Удивительно, как дядя Мэтт вдруг взял на себя все самое трудное, — я имею в виду, удивительно в хорошем, высоком смысле, — потому что раньше он… ну то есть он, конечно, любил детей, но не так чтобы очень… я имею в виду, он редко когда даже говорил с ними и меньше всех с Эмили, которая ведь была самой младшей. Обычно он просто тихонько ходил по дому, особенно начиная с января, когда потерял работу, как будто бы избегая детей, словно бы немножко стесняясь, будто зная, что когда они вырастут, они никогда не станут уволенным с работы дядей, который слоняется по дому, а наоборот, станут хозяевами дома, в котором слоняется уволенный с работы… и т. д., и т. п.
Наверное, потеряв ее, он вдруг впервые осознал, как сильно ее любил, и эта его внезапная сила — уверенность, целеустремленность, называйте как хотите — оказалась для меня утешением, потому что, сказать вам честно, я был здорово не в себе — я всегда любил осень, а сейчас осень была в разгаре, и пахло дымом и спелыми яблоками, но для меня весь мир был как будто бы голым, пустым.
Теперь я понял, что в ребенке заключено все самое хорошее, что только есть у вас в жизни. Он смотрит на вас так ласково, веря, что вы о нем позаботитесь, а потом наступает вечер… что меня мучает, чего я никак не могу позабыть, так это то, что когда ее… когда происходило то, что произошло, я был… я вроде как улизнул вниз, чтобы проверить свою электронную почту, понимаете, так что когда… когда происходило то, что произошло, там, на школьном дворе, в каких-нибудь двух сотнях метров от дома, я сидел и печатал — печатал! — это, конечно, не преступление, откуда я знал, и все-таки… понимаете, о чем я? Встань я тогда из-за компьютера, поднимись наверх, и выйди наружу, и зачем-нибудь — все равно зачем — загляни на школьный двор — и тогда, поверьте мне, нет на свете собаки, какой бы она ни была бешеной…
И моя жена чувствовала примерно то же самое — после трагедии она даже ни разу не вышла из спальни.
— Так значит, отец, вы говорите нет? — спросил дядя Мэтт. — Вы отказываетесь?
— Поверьте, я молюсь за вас каждый день, — сказал отец Терри. — Вам пришлось пройти через такое, что не дай бог никому.

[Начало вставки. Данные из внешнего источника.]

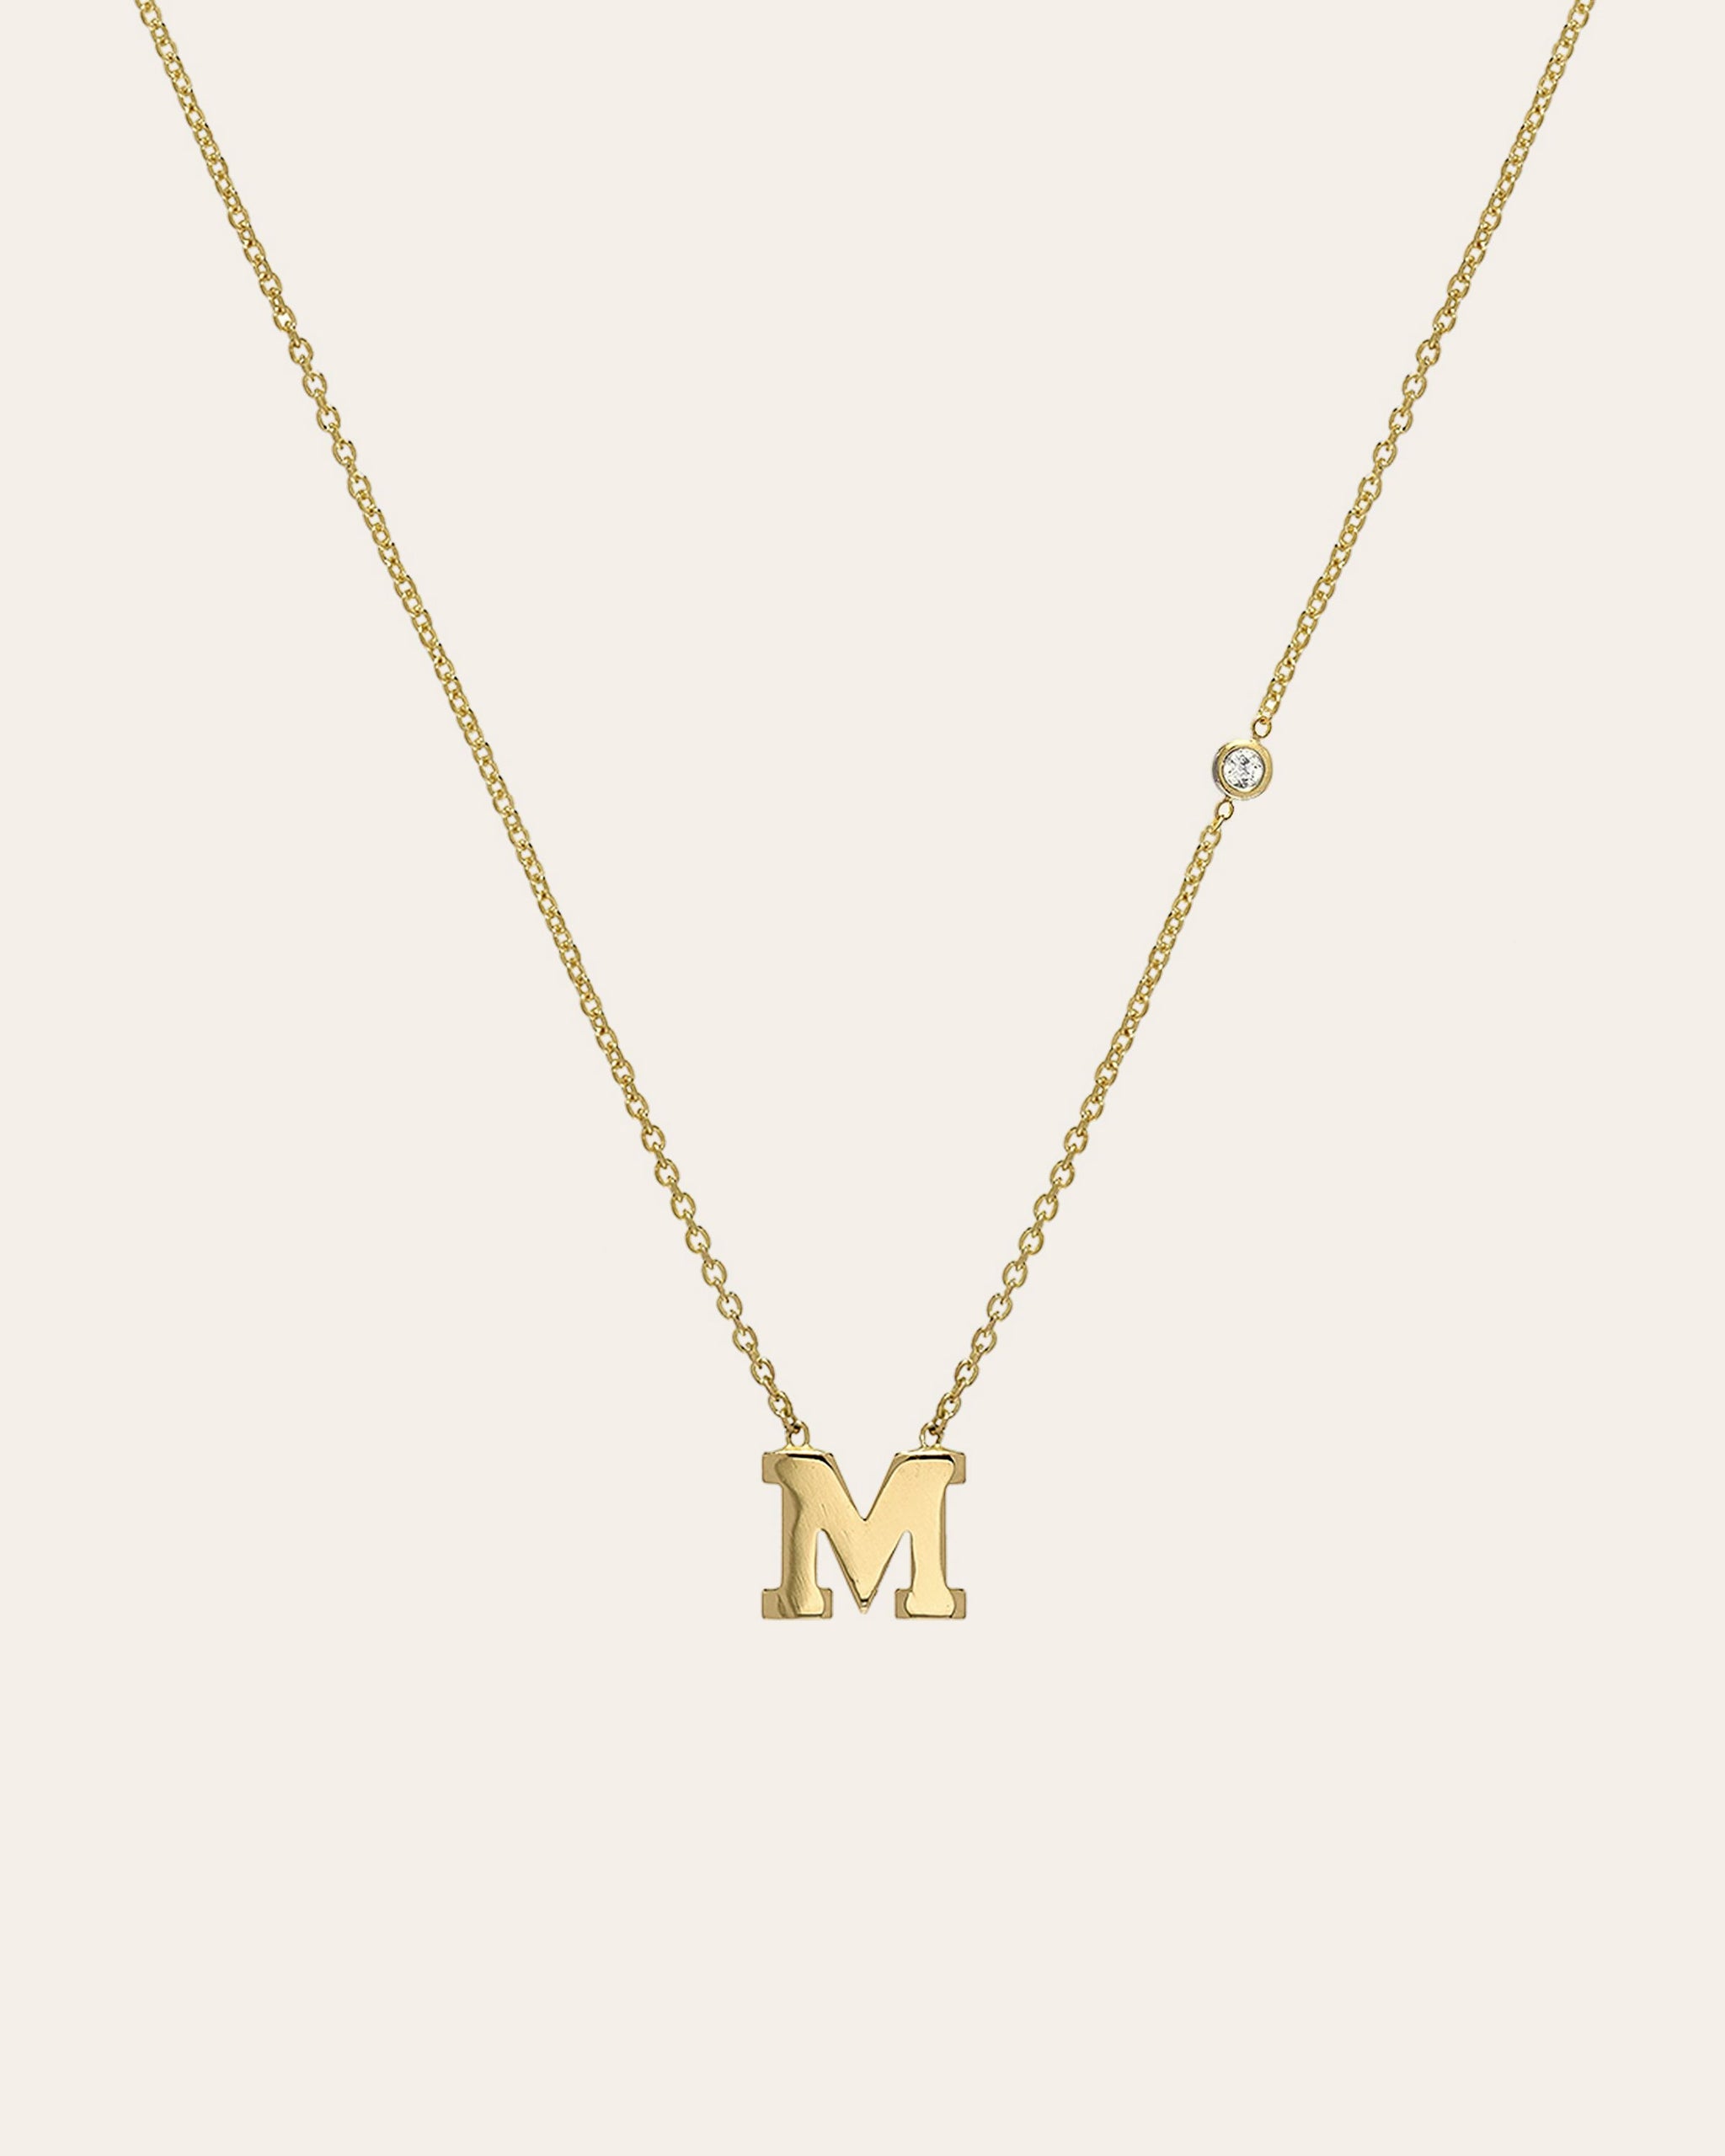 Zoe Lev Jewelry - 14k Gold Initial and Bezel Diamond Necklace
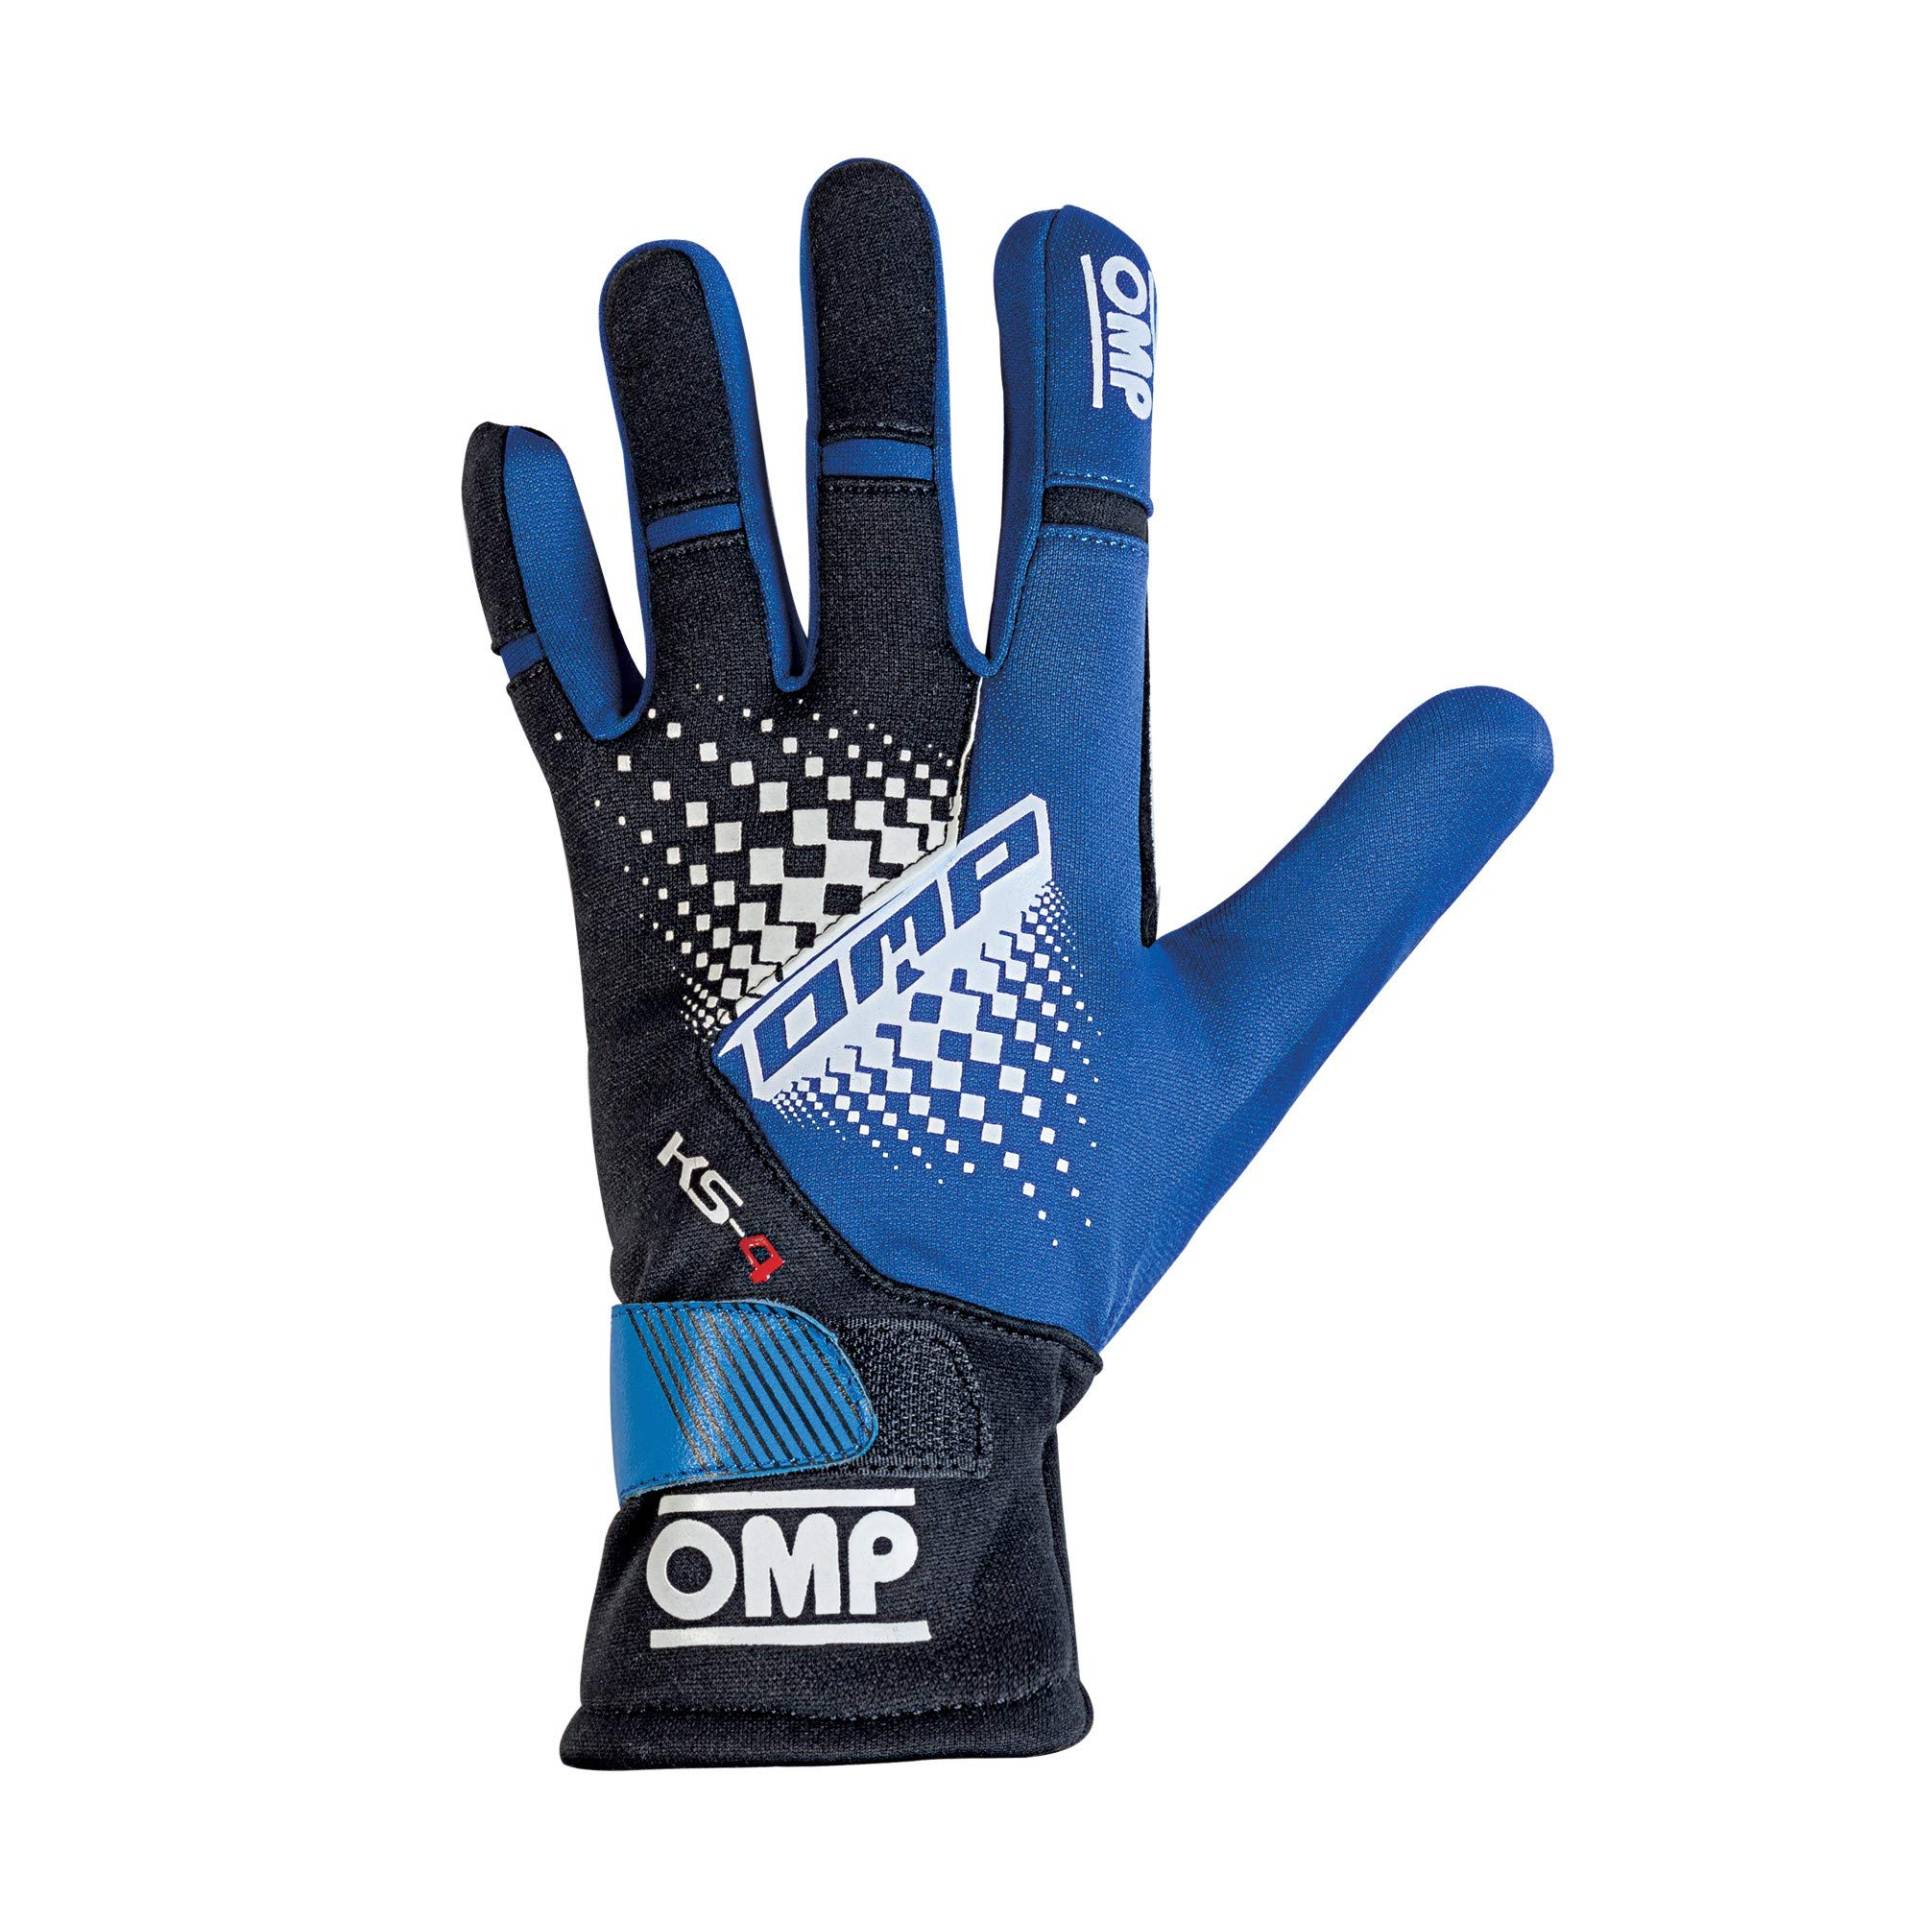 OMP OMPKK02744E146006 Ks-4 My2018 Handschuhe schwarz / blau Size 6 von OMP

— Не нравится мне этот человек, — сказал дядя Мэтт, когда мы вышли из дома священника. — И раньше не нравился, и никогда не понравится.
И я это знал. В детстве они ходили в одну школу, и там была какая-то история с девочкой, что-то типа идти или не идти на свидание, и результат оказался не в пользу дяди Мэтта, и еще они повздорили на футбольном поле и немножко пообзывали друг друга, но это было давно, примерно во времена президентства Кеннеди.
— Он не будет следить за этой собакой как следует, — сказал дядя Мэтт. — Поверь мне. И даже если что-нибудь заметит, не сделает того, что нужно. Почему? Потому что это его собака. Его. А все, что его, — особенное, на это общие законы не распространяются.
— Ну не знаю, — сказал я. — Честно, не знаю.
— Да он ничего не понял, — сказал дядя Мэтт. — Он не был там в тот вечер, он не видел, как ты принес ее домой.
Если уж говорить правду, дядя Мэтт и сам не видел, как я принес ее домой, потому что как раз тогда ходил в видеопрокат. И все-таки, да, я понял его мысль насчет отца Терри, который всегда был чуточку эгоистичным. Достаточно было посмотреть на его седые волнистые волосы, и к тому же в подвале у него стоял тренажер, и он упражнялся на нем дважды в день, так что мускулы у него были впечатляющие, и он демонстрировал их — я это замечал, мы все замечали, — нося слишком уж обтягивающие рубашки.
На следующее утро за завтраком дядя Мэтт сидел очень тихо и наконец сказал: ладно, пускай он всего лишь низенький толстый безработный и не получил такого образования, как некоторые, но любовь есть любовь, уважение к памяти есть уважение к памяти, и поскольку у него сегодня навалом свободного времени, не одолжу ли я ему фургончик — тогда он поедет на стоянку у закусочной и понаблюдает оттуда за домом священника, вроде как в память об Эмили.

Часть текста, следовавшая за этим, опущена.